Brandon Lecroy, 26, of Greenwood County, North Carolina, was sentenced to 10 years in federal prison on Thursday

Brandon Lecroy, 26, of Greenwood County, North Carolina, was sentenced to 10 years in federal prison on Thursday after pleading guilty to attempting to hire a hitman from the Ku Klux Klan to lynch his black neighbor from a tree.

Lecroy pleaded guilty to the racist murder-for-hire plot back in October.

US District Judge Bruce Howe Hendricks determined that Lecroy’s actions technically qualified as a hate crime, but emphasized that planning to have someone else killed was such a serious offense that she would have sentenced him to the maximum penalty allowed by law even if race wasn’t a factor.

‘It’s one thing to think these thoughts, but it’s a crime to undertake to do harm to another,’ Hendricks said on Thursday.

Federal agents began investigating Lecroy more than a year ago after receiving a tip from a local law enforcement official who works with the FBI’s counter terrorism division.

The unnamed officer alerted the FBI that Lecroy had reached out to a local KKK chapter, saying he wanted to pay someone affiliated with the group to kill his African-American neighbor, identified only as ‘F.J.’ in court documents.

Lecroy’s federal public defender, Erica Soderdahl, said F.J. continually came onto her client’s property trying to start fights, asking for food and to use Lecoy’s phone.

She said her client had tried numerous times to get local police to stop the neighbor from trespassing.

‘But F.J. kept coming back,’ Soderdahl told the judge, according to the Associated Press. ‘It’s not about an overriding feeling toward a race – it’s about one individual.’
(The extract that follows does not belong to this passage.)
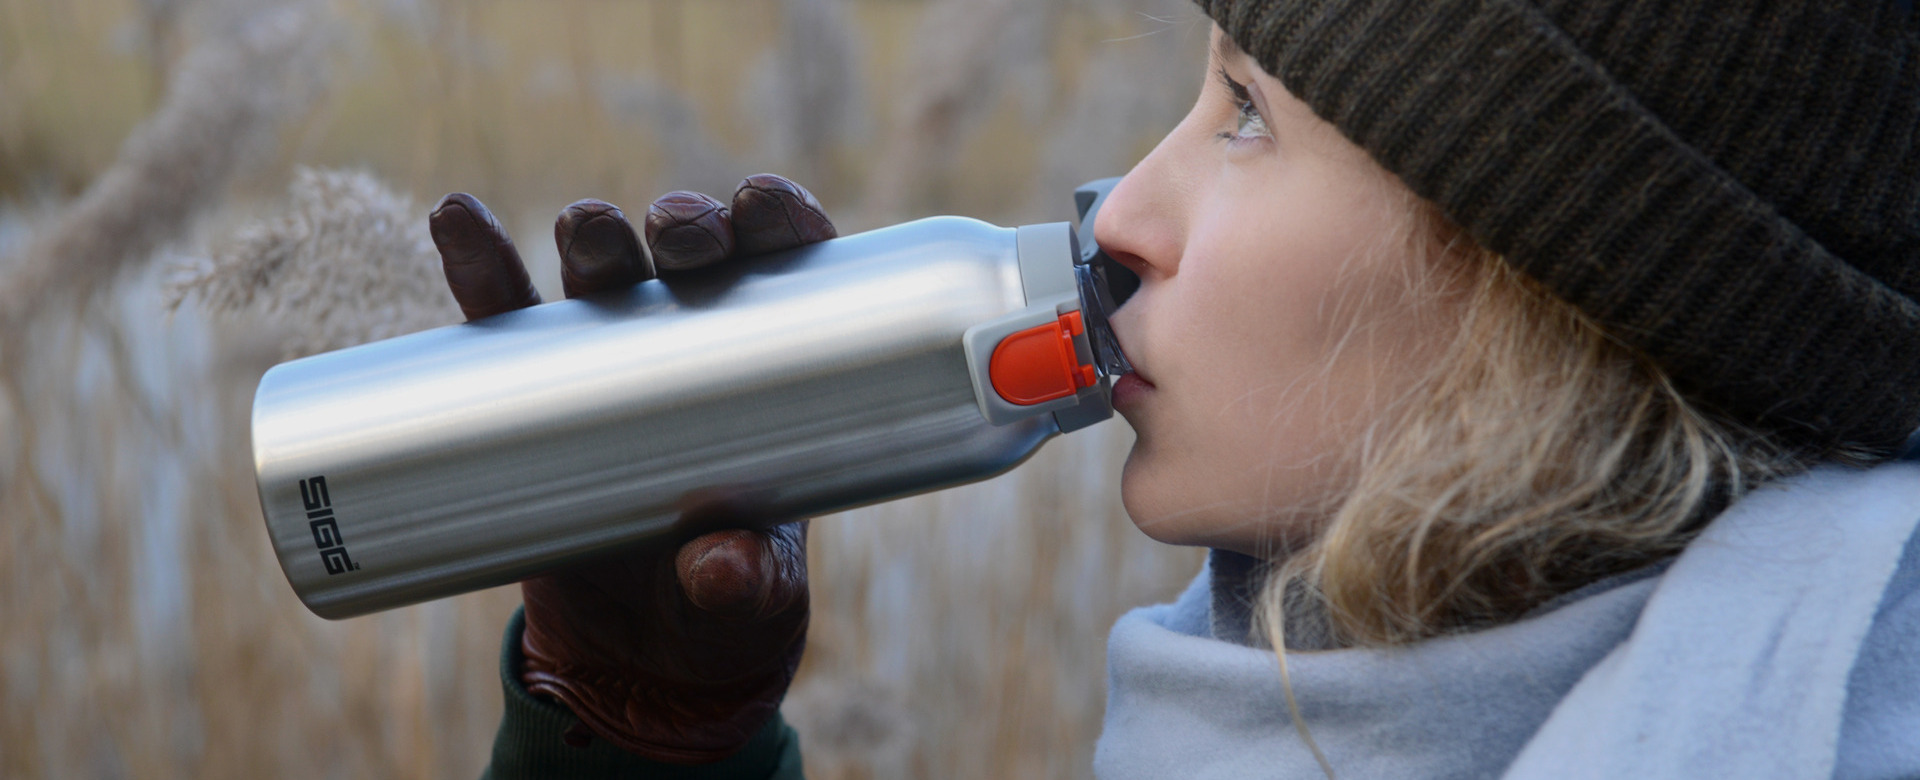 THERMO FLASKS TO STAY WARM - WINTER ESSENTIALS

An undercover FBI agent pretending to be a white supremacist hitman responded to Lecroy’s communique. During a March 20, 2018, phone call, Lecroy told the agent ‘$500 and he’s a ghost’, referring to his neighbor.

The State reported Lecroy also told the ‘hitman’ he wanted him to hang his neighbor from a tree and that he had ‘plans to take over the victim’s property,’ according to an affidavit.

 The prosecution played audio recordings of Lecroy’s phone calls with the undercover agent, the AP reported. Lecroy could be heard using racist language while suggesting the supposed hitman could use a flaming cross during the murder.

Eventually the FBI agent had a face-to-face meeting with Lecroy who gave him a $100 down payment for the hit.

Lecroy’s attorney argued going online and looking up the local Klan chapter was her client’s final act of desperation in dealing with his troublesome neighbor.

‘Brandon called the KKK because who else was he going to call?’ Soderdahl argued. ‘It had nothing to do with the color of his skin.’

But federal prosecutor William Watkins told the judge that Lecroy’s attempted hit was clearly racially motivated.

‘The fact that he reached out to the KKK – this is not a low-functioning individual,’ Watkins said, according to the AP. ‘It’s telling that to get a black person eliminated, he turned to the KKK… He doesn’t call a biker gang. What he had in mind for his neighbor was very race specific… He targeted him because of his race.’